The following code would resolve a 17 item boxes array in less than 1ms, 1000 items boxes array in less than 100ms.

function boxBoxes(d){
  return d.sort((a,b) => b[0]*b[1] - a[0]*a[1])
          .map(b => b[0] < b[1] ? b : [b[1],b[0]])
          .map(function(b,i,a){
                 b.c = i ? a.slice(0,i)
                            .filter(f => f[0] > b[0] && f[1] > b[1]).length || Infinity
                         : Infinity;
                 return [b];
               })
          .sort((a,b) => b[0].c - a[0].c)
          .reduceRight(function(p,c,i,a){
                         var r = a.filter(f => f[f.length-1][0] > c[0][0] &&
                                               f[f.length-1][1] > c[0][1]);
                         r.length && r[0].push(...a.splice(i,1)[0]);
                         return a;
                       },void 0);
}

var data = [[9, 15], [64, 20], [26, 46], [30, 51], [74, 76], [53, 20], [66, 92], [90, 71], [31, 93], [75, 59], [24, 39], [99, 40], [13, 56], [95, 50], [3, 82], [43, 68], [2, 50]];
  result = boxBoxes(data);
console.log(result.length,"boxes:",JSON.stringify(result));

Answer 3

Let's build a graph, where there is vertex for each box and an edge from a box A to a box B if A can be stacked on top of B. This graph is acyclic (because "can stack on top" is a transitive relation and a boxed can't stacked on top of itself).

Now we need to find the minimum path cover of this graph.
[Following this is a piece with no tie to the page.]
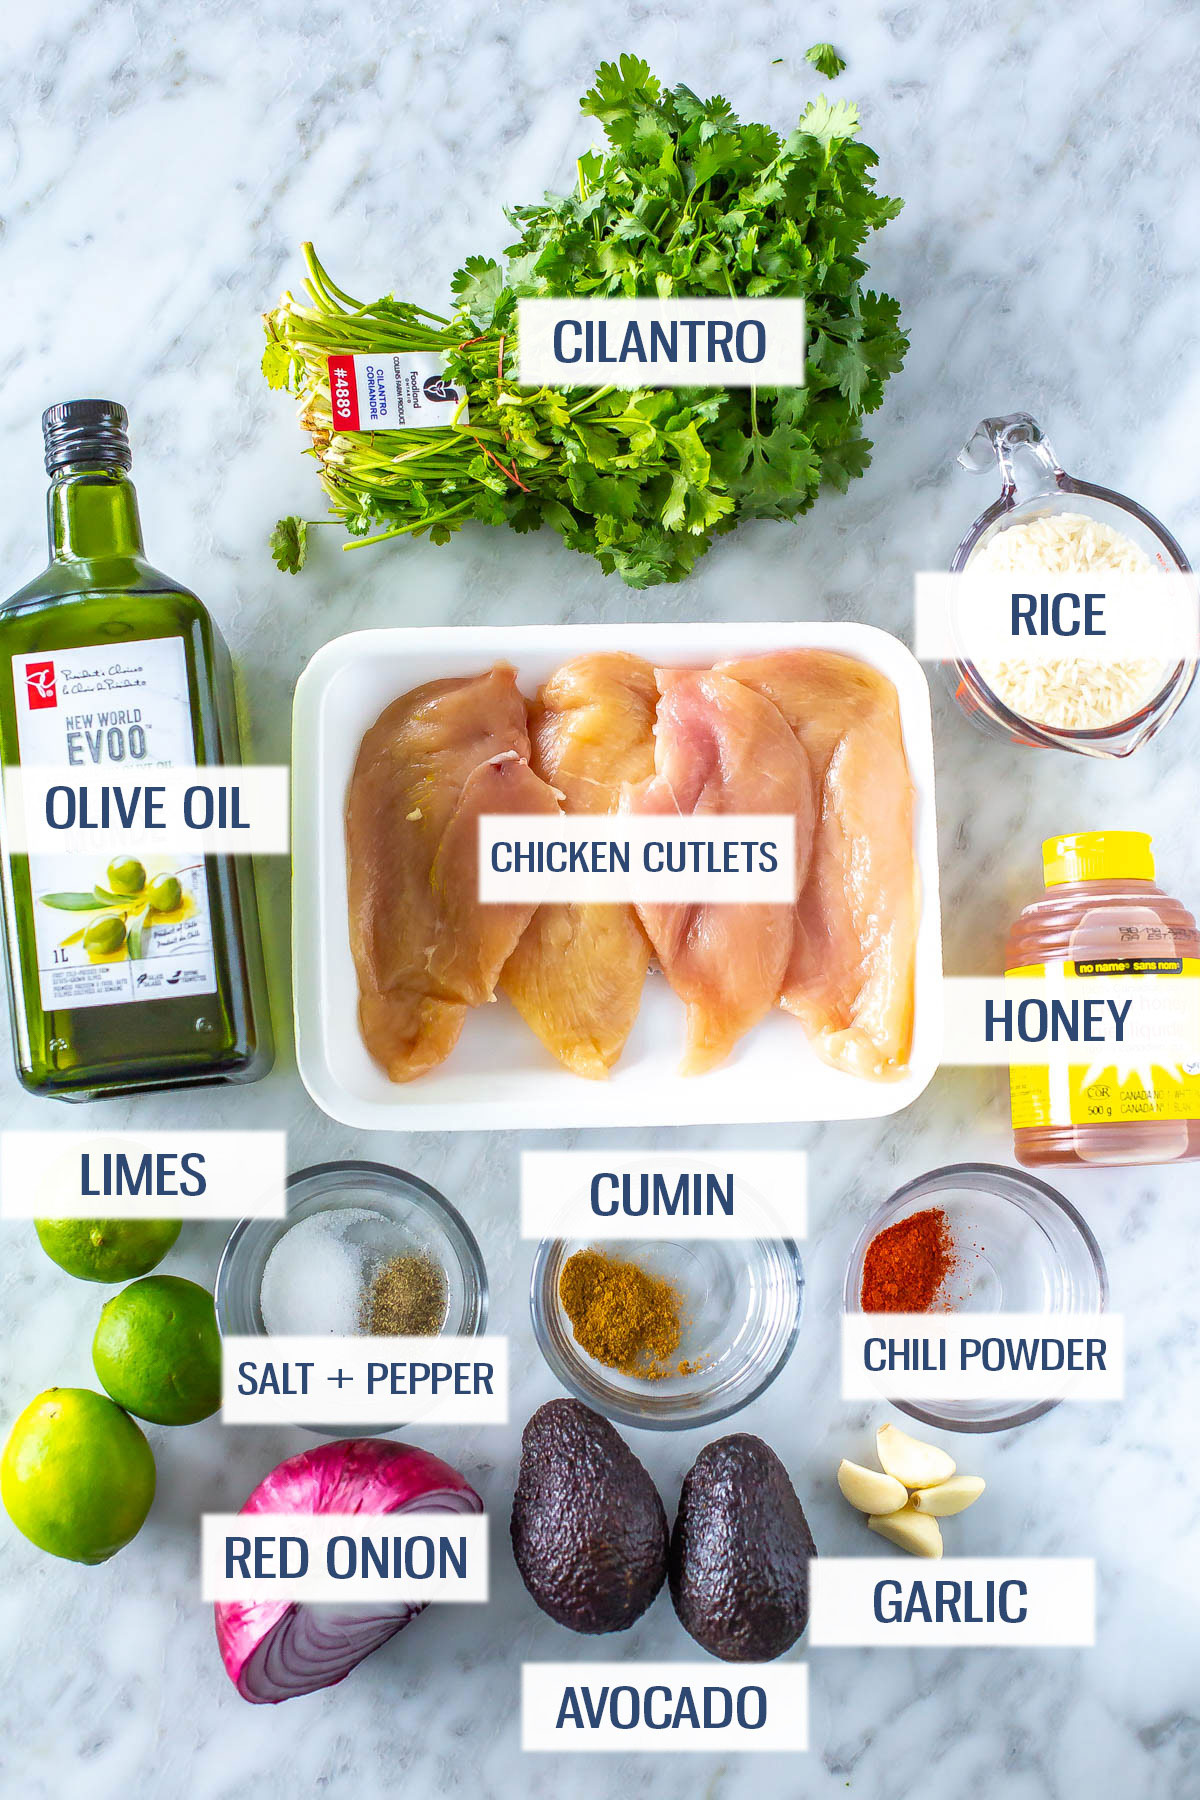 Ingredients for cilantro lime chicken and rice: cilantro, olive oil, chicken cutlets, rice, limes, cumin, chili powder, red onion, avocado, garlic, salt and pepper.

It's a standard problem and it's solved this way:

1. Let's build a bipartite graph (each vertex in the original graph gets two "copies" in the left and the right part). For each A->B edge in the original graph, there is an edge between the left copy of A and the right copy of B.

2. The answer is number of boxes minus the size of the maximum matching in the bipartite graph.

The bipartite graph as O(n) vertices and O(n^2) edges. If we use, for instance, Kuhn's algorithm to find a matching, the total time complexity is O(n^3), where n is the number of boxes.